One who delays or lingers. [Little used.] – Hammond.

CUND, v.t.

To give notice. [See Cond.]

CU'NE-AL, a. [L. cuneus, a wedge. See Coin.]

Having the form of a wedge.

CU'NE-ATE, or CU'NE-A-TED, a.

Wedge-shaped.

CU'NEI-FORM, or CU'NI-FORM, a. [L. cuneus, a wedge, and forma, form.]

Having the shape or form of a wedge.

CUN'NER, n. [lepas.]

A kind of fish, less than an oyster, that sticks close to the rocks. – Ainsworth.

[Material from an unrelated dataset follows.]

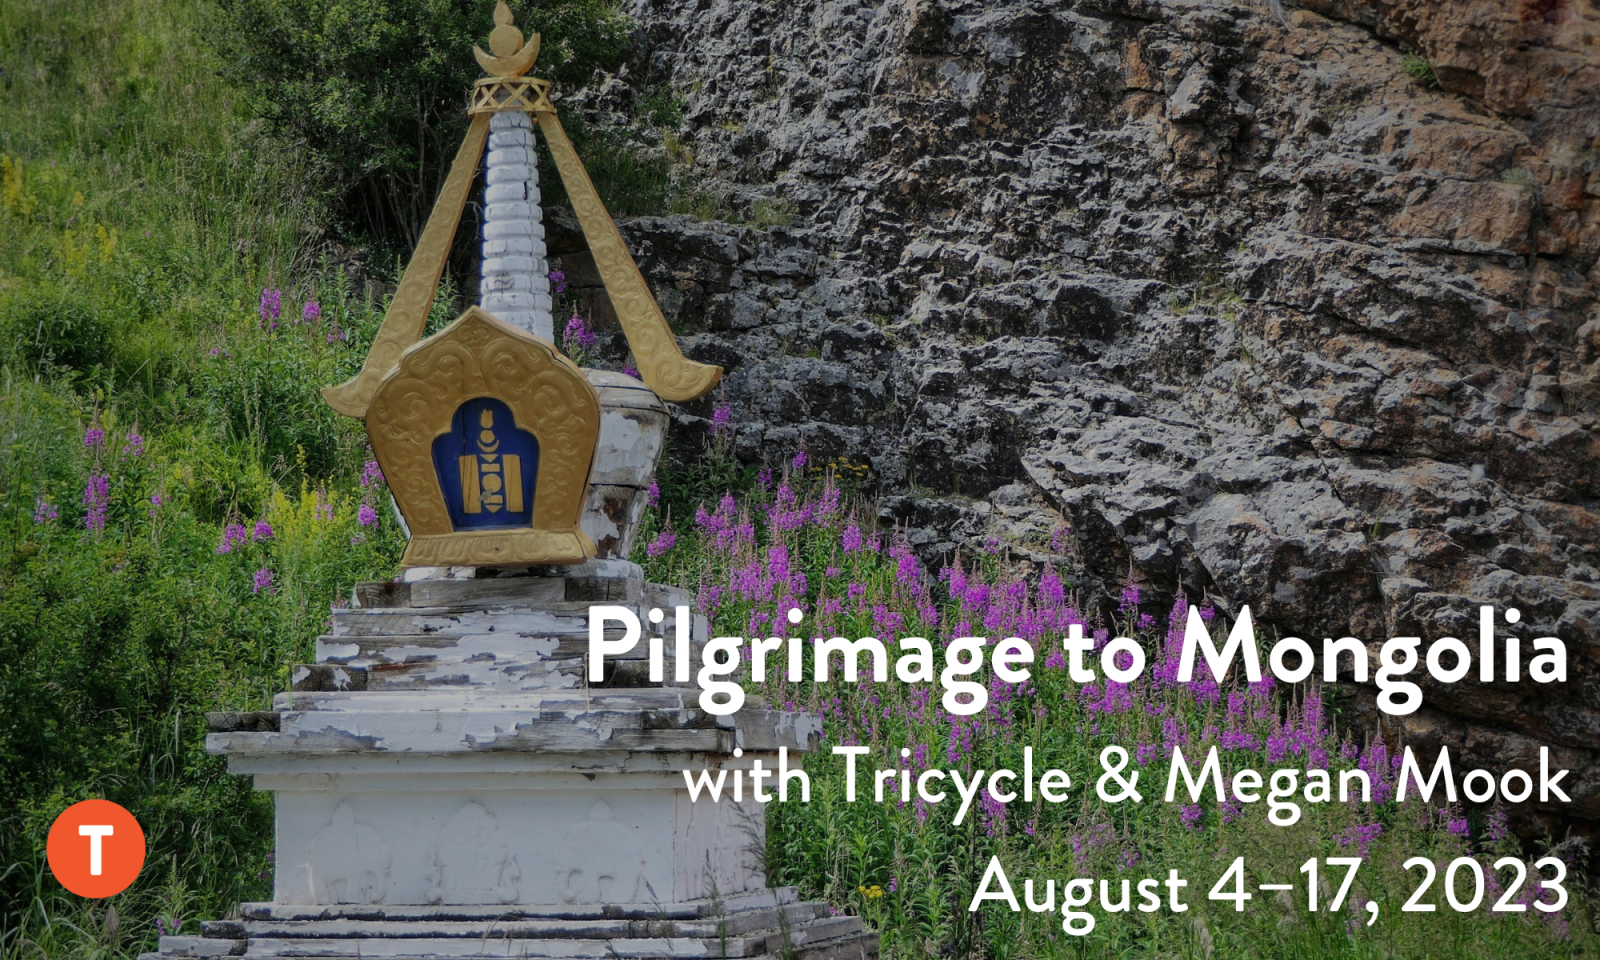 Pilgrimage to Mongolia with Tricycle and Megan Mook August 4-17, 2022

CUN'NING, a. [Sax. cunnan, connan; Goth. kunnan, to know: Sw. kunna, to be able, to know; kunnig, known; also, knowing, skillful, cunning; D. kunnen, can, to be able, to hold, contain, understand, or know; G. können. See Can.]

  1. Knowing; skillful; experienced; well-instructed. It is applied to all kinds of knowledge, but generally and appropriately, to the skill and dexterity of artificers, or the knowledge acquired by experience. Esau was a cunning hunter. – Gen. xxiii. I will take away the cunning artificer. – Is. iii. A cunning workman. – Ex. xxxviii.
  2. Wrought with skill; curious; ingenious. With cherubs of cunning work shalt thou make them. – Ex. xxvi. [The foregoing senses occur frequently in our version of the Scriptures, but are nearly or quite obsolete.]
  3. Artful; shrewd; sly; crafty; astute; designing; as, a cunning fellow. They are resolved to be cunning; let others run the hazard of being sincere. – South. In this sense, the purpose or final end of the person may not be illaudable; but cunning implies the use of artifice to accomplish the purpose, rather than open, candid, or direct means. Hence,
  4. Deceitful; trickish; employing stratagems for a bad purpose.
  5. Assumed with subtilty; artful. Accounting his integrity to be but a cunning face of falsehood. – Sidney.

CUN'NING, n.

  1. Knowledge; art; skill; dexterity. [Obs.]. Let my right hand forget her cunning. – Ps. cxxxvii.
  2. Art; artifice; artfulness; craft; shrewdness; the faculty or act of using stratagem to accomplish a purpose. Hence, in a bad sense, deceitfulness or deceit; fraudulent skill or dexterity. – Locke. Discourage cunning in a child; cunning is the ape of reason.